Лариса вытянула вперед руки.
– Каждый день терзаюсь! Не могу забыть тот окровавленный сверток. Но я же ни при чем! Вниз не спускалась, при родах не присутствовала, просто наверху ждала, а потом белье сожгла. Готова признать вину за то, что взрослым про Стефкину беременность не сообщила и продукты из дома воровала, но младенец без меня умер!
– Ты правда дура или прикидываешься? – схамила я.
Лариса легла грудью на стол.
– Мама поклясться заставила, что буду молчать.
Луч понимания забрезжил в моей голове.
– Варвара Михайловна знала о беде Стефании?
Лариса съежилась.
– Да.
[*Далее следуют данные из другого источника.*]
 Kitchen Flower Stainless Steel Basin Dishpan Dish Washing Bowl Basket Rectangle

Она утром стала меня в школу будить, увидела разбросанные вещи, грязь на одежде и подоконнике, ну и сообразила: дочь куда-то ходила. Примоталась хуже гестапо, в угол загнала, я и призналась, все честно выложила.
– И как мама-учительница отреагировала? – поинтересовалась я.
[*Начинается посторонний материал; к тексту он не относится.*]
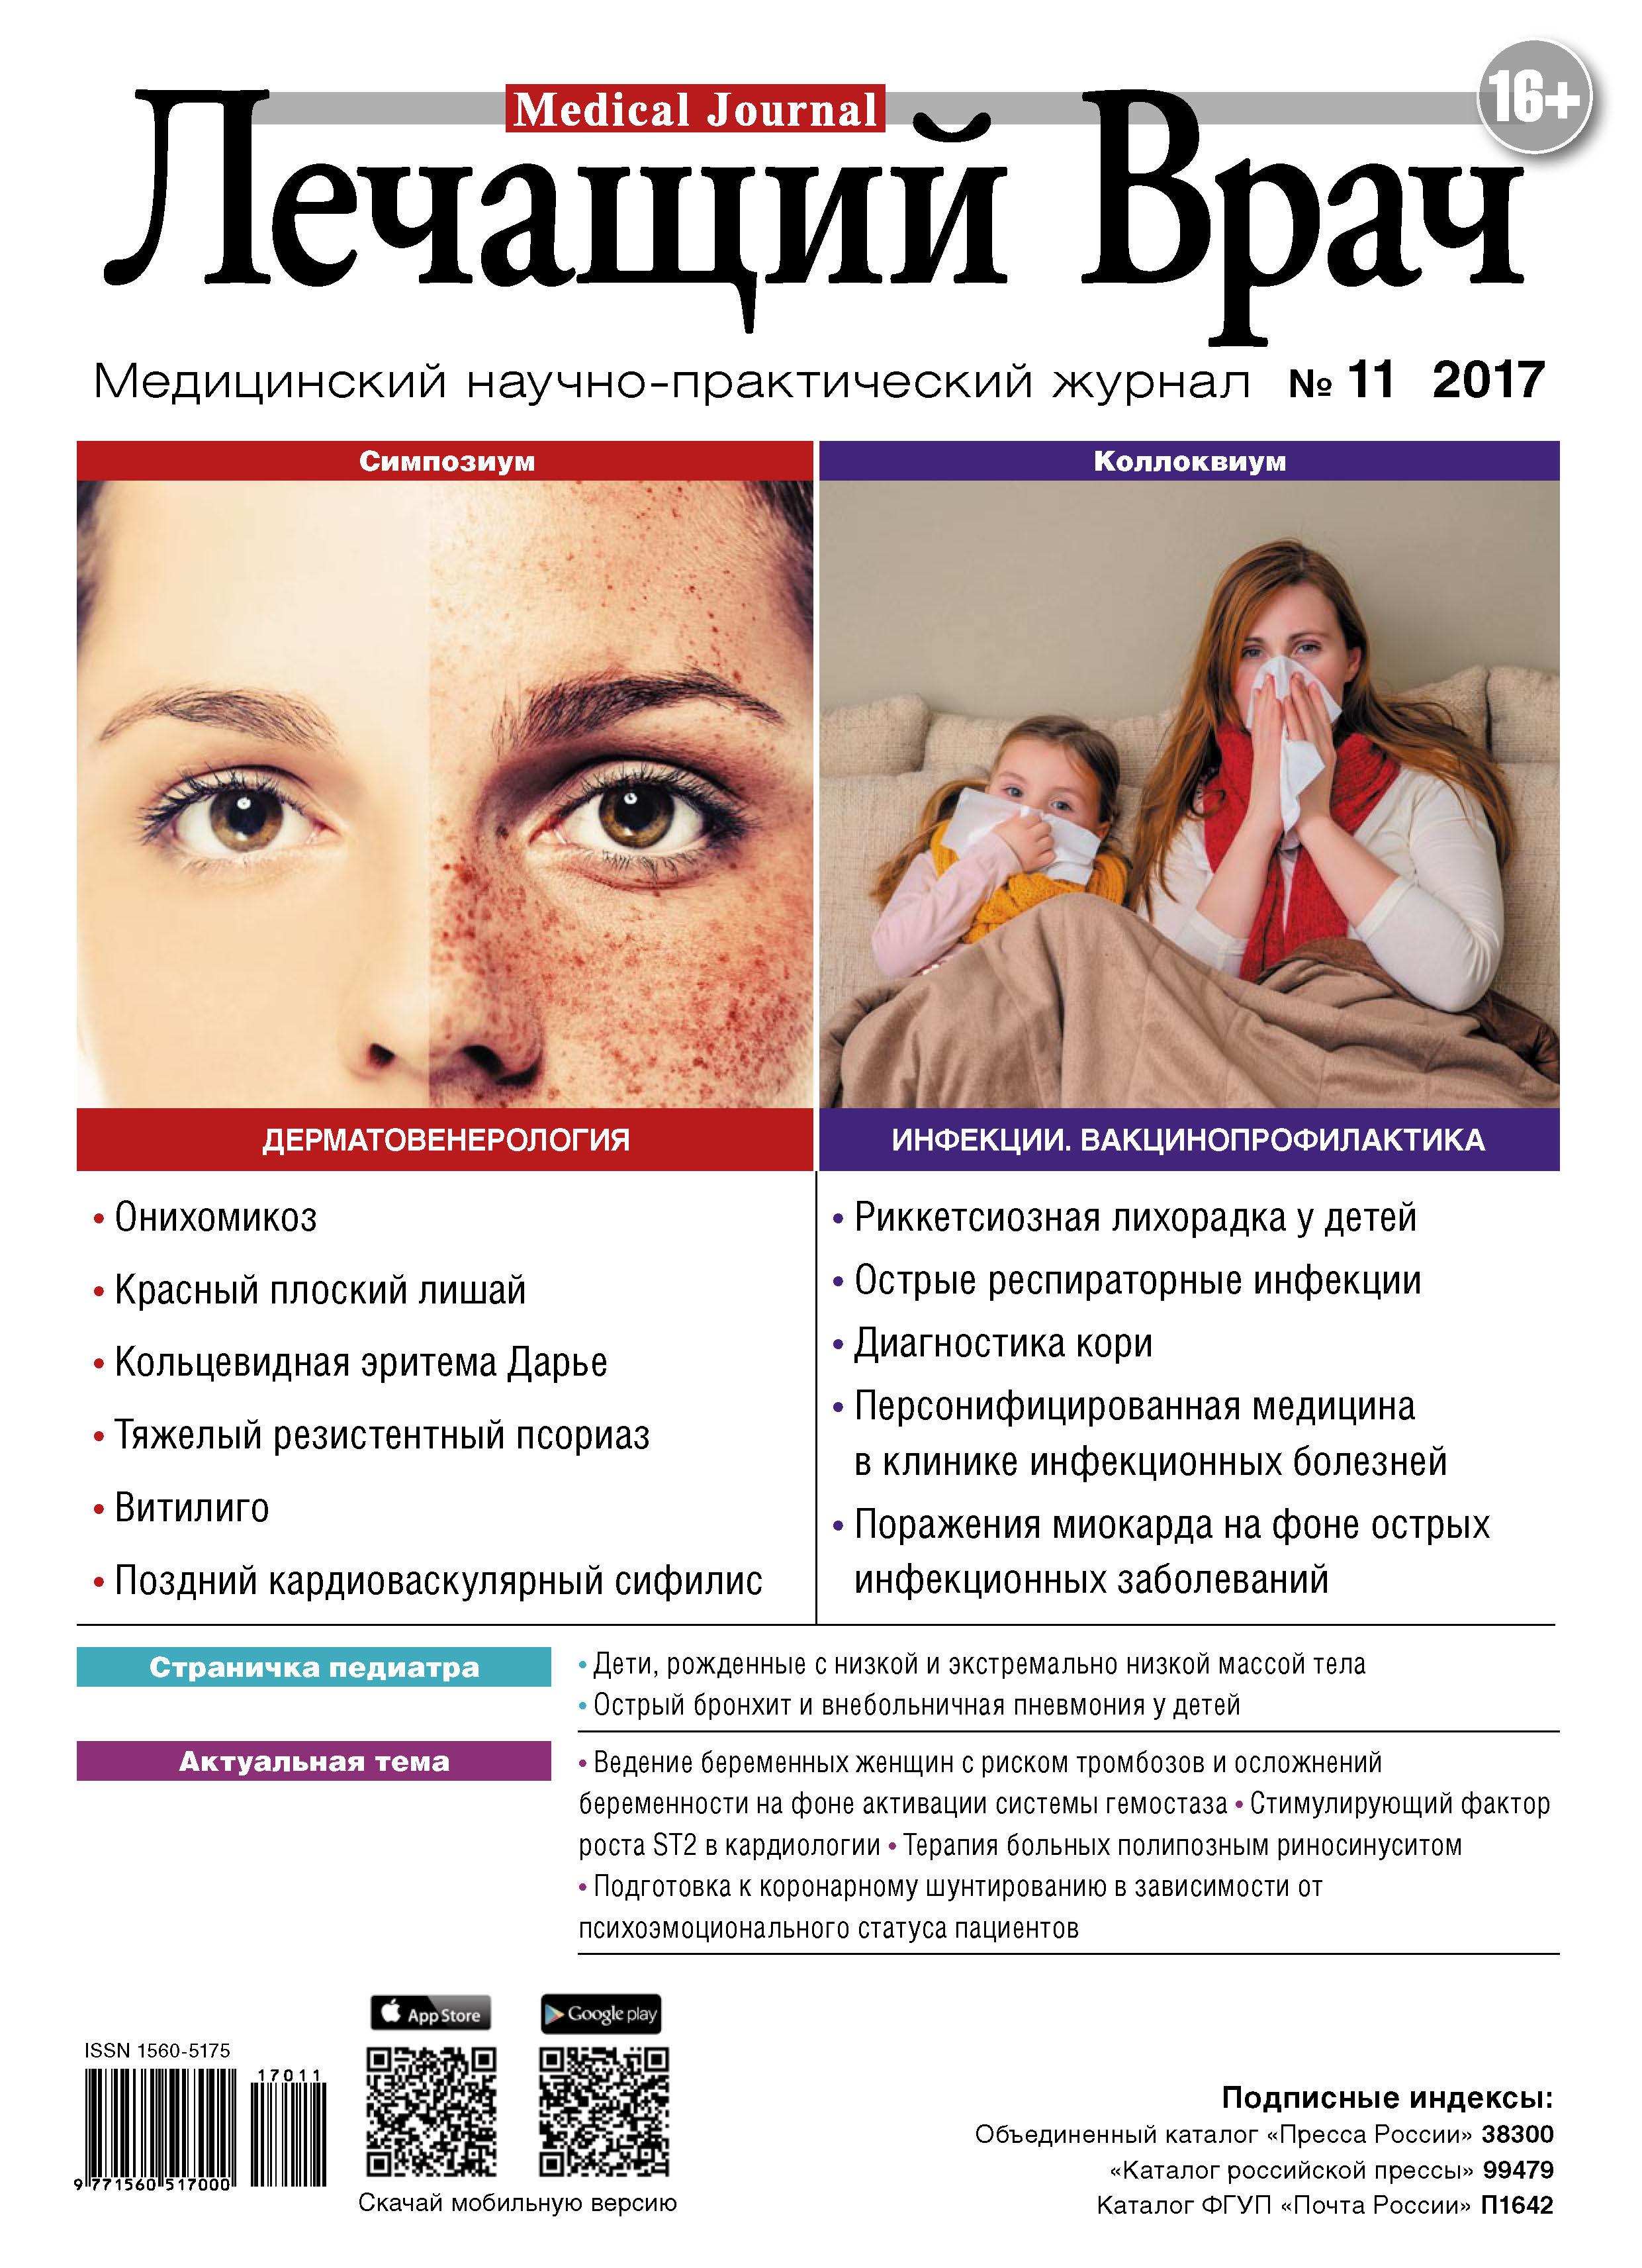 Открытые системы Журнал «Лечащий Врач» №11/2017

– Сначала оплеух мне надавала, – горько сказала Лариса, – потом приказала: «Сиди дома, не высовывайся, я что-нибудь придумаю». А вскорости Таньку арестовали. Мамочка тогда перекрестилась, меня к себе прижала и давай уму-разуму учить: «Без нас беда уладилась, молись, чтобы буча и дальше мимо пронеслась. И рот на замок запри. Ведь всю жизнь себе сломать могла!»
– Татьяна к вам на днях не заглядывала? – повторила я вопрос, заданный в самом начале нашей беседы.
– Говорят, она на зоне умерла, – отшатнулась Лариса.
– Привалову недавно отпустили. Срок истек. Хоть и длинный, да закончился, – ввела я ее в курс дела.
Лара вскочила.
– Господи! Она сюда вернется?
– Маловероятно, – успокоила я собеседницу. – Где ей тут жить? Федор Привалов дом продал. Но, думаю, женщины в лагере объяснили товарке, какую глупость она совершила. Значит, с Таней вы не встречались?
– Нет, – серея на глазах, подтвердила Лариса. – Она только одно письмо мне прислала из лагеря. Очень давно.
– Оно сохранилось? – обрадовалась я.
– Нет, я разорвала, – прошелестела Лара.
– Что в нем было? – наседала я.
Лариса закрыла лицо ладонями.
– В конверте лежал пустой лист бумаги.
Я удивилась.
– Совсем чистый?
– Почти. – Помолчав секунду, Осипова уточнила: – На нем только стоял вопросительный знак. Я поняла. Танька сама не могла признаться, ей совесть не позволяла, но она ждала, что я пойду и все объясню. Я хотела, да с мамой не поспоришь. Я не виновата! Не виновата я!